A graft of connective tissue was taken from the palatal flap and was sutured under the buccal flap. Such procedure allows the clinician to correct the buccal deficit and to modify the gingival biotype, ensuring a better stability of soft tissues in the long term.
After mobilizing the buccal flap with a cut at level of the periosteum, a 6.0 monofilament polyamide suture with separate points was performed.
Two provisional resin shells were fixed onto the orthodontic wire at level of the missing lateral incisors to improve the patient’s esthetic.
The present clinical case did not strictly followed the standard protocol due to specific local conditions and clinical needs. After this first surgical experience, the Bone Level implants proved to be easy to handle. Just one more surgical bur is necessary in comparison with the surgical procedure for Straumann standard implants.

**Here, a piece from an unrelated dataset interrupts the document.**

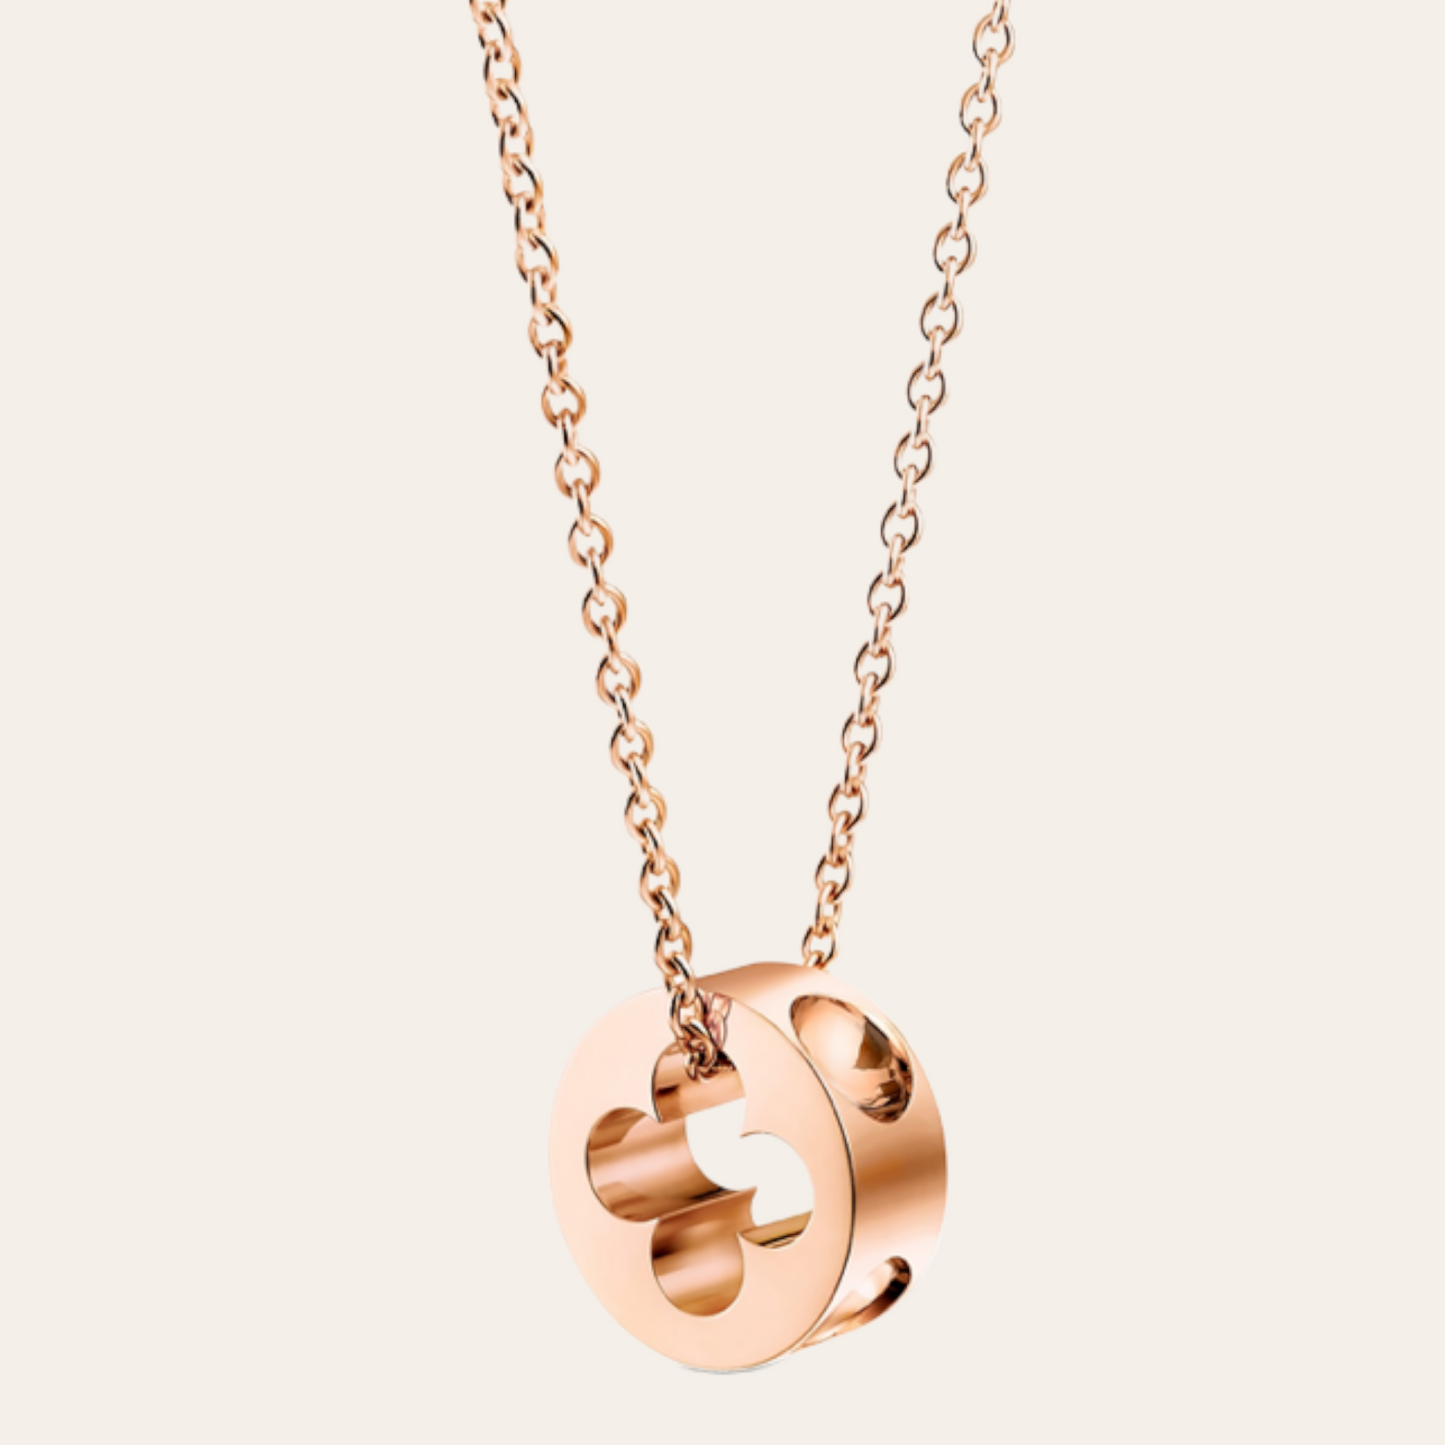 Louis Vuitton Empreinte Necklace Pink Gold
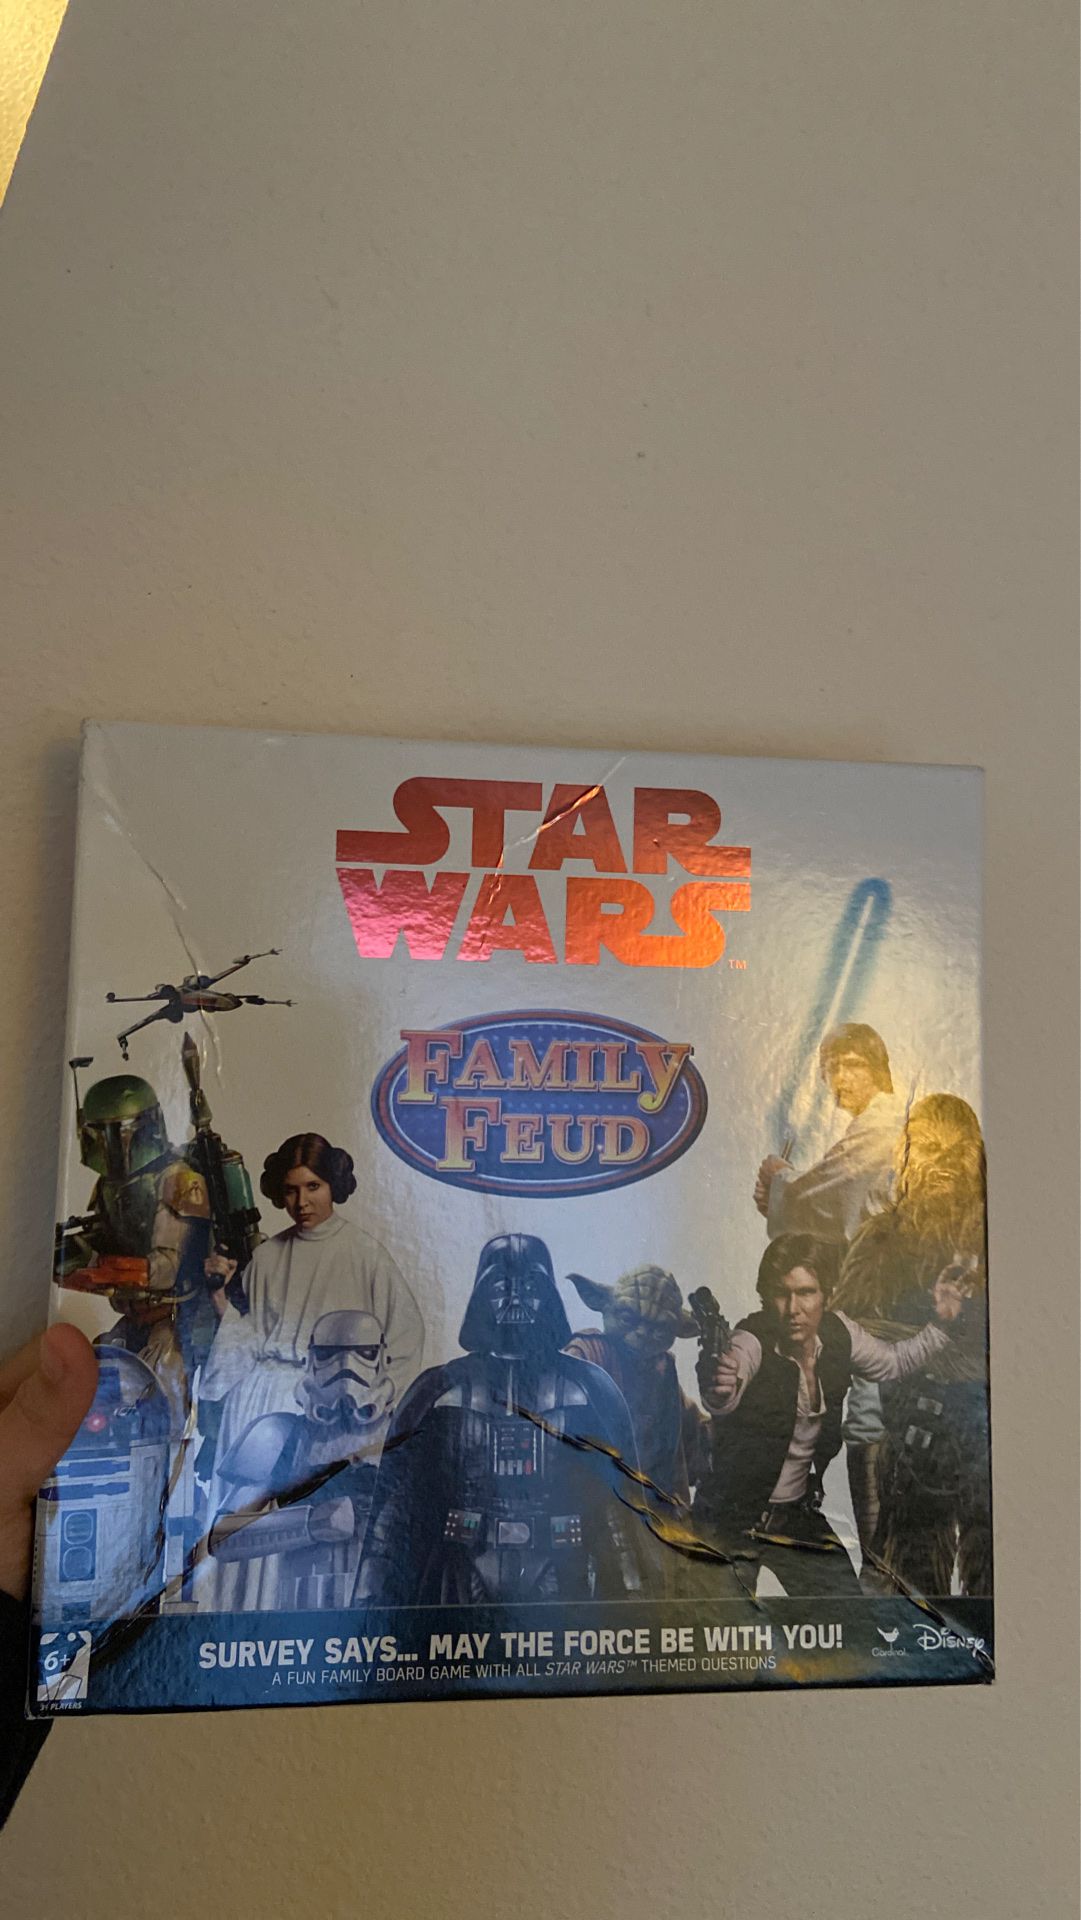 Star Wars family feud board game

A problem was evidenced during the screwing of the healing screw: the left side implant had not an ideal primary stability due to the buccal fenestration and a micromovement occurred. Consequently, the ideal buccal position of the white stripe on the mounter was lost and this influenced the placement of the abutment.
For an oral surgeon used to perform a non submerged implant procedure and to control the conditions of periimplant soft tissues by means of bone regeneration techniques when necessary, the use of a submerged technique may seem more complicated, particularly due to the necessity of a second surgical stage. Nevertheless, the above described Bone Level implants improve the Straumann components and the availability of a submerged implant could be useful in specific clinical conditions. Furthermore, although it was not eliminated, the microgap at level of the bone was significantly reduced due to the conical adaptation of the components (Crossfit TM connection).
Finally, a clinical consideration: just like the “switch platform” of implants by Astra, Ankylos and 3i, the “Bone control design” by Straumann allows to reduce the cone-shaped bone resorption at the implant neck. To date, no evidence based data are available regarding the influence of such geometry on plaque retention in case of periimplantitis, due to the formation of a pocket at level of this platform.
1. Créton MA, Cune MS, Verhoeven W, Meijer GJ. Patterns of missing teeth in a population of oligodontia patients. Int J Prosthodont, 2007; 20(4):409-413.
2. Rosa M, Zachrisson BU. Integrating space closure and esthetic dentistry in patients with missing maxillary lateral incisors. J Clin Orthod, 2007; 41(9):563-573.
3. Zarone F, Sorrentino R, Vaccaro F, Russo S. Prosthetic treatment of maxillary lateral incisor agenesis with osseointegrated implants: a 24-39-month prospective clinical study. Clin Oral Impl Res, 2006; 17(1):94-101.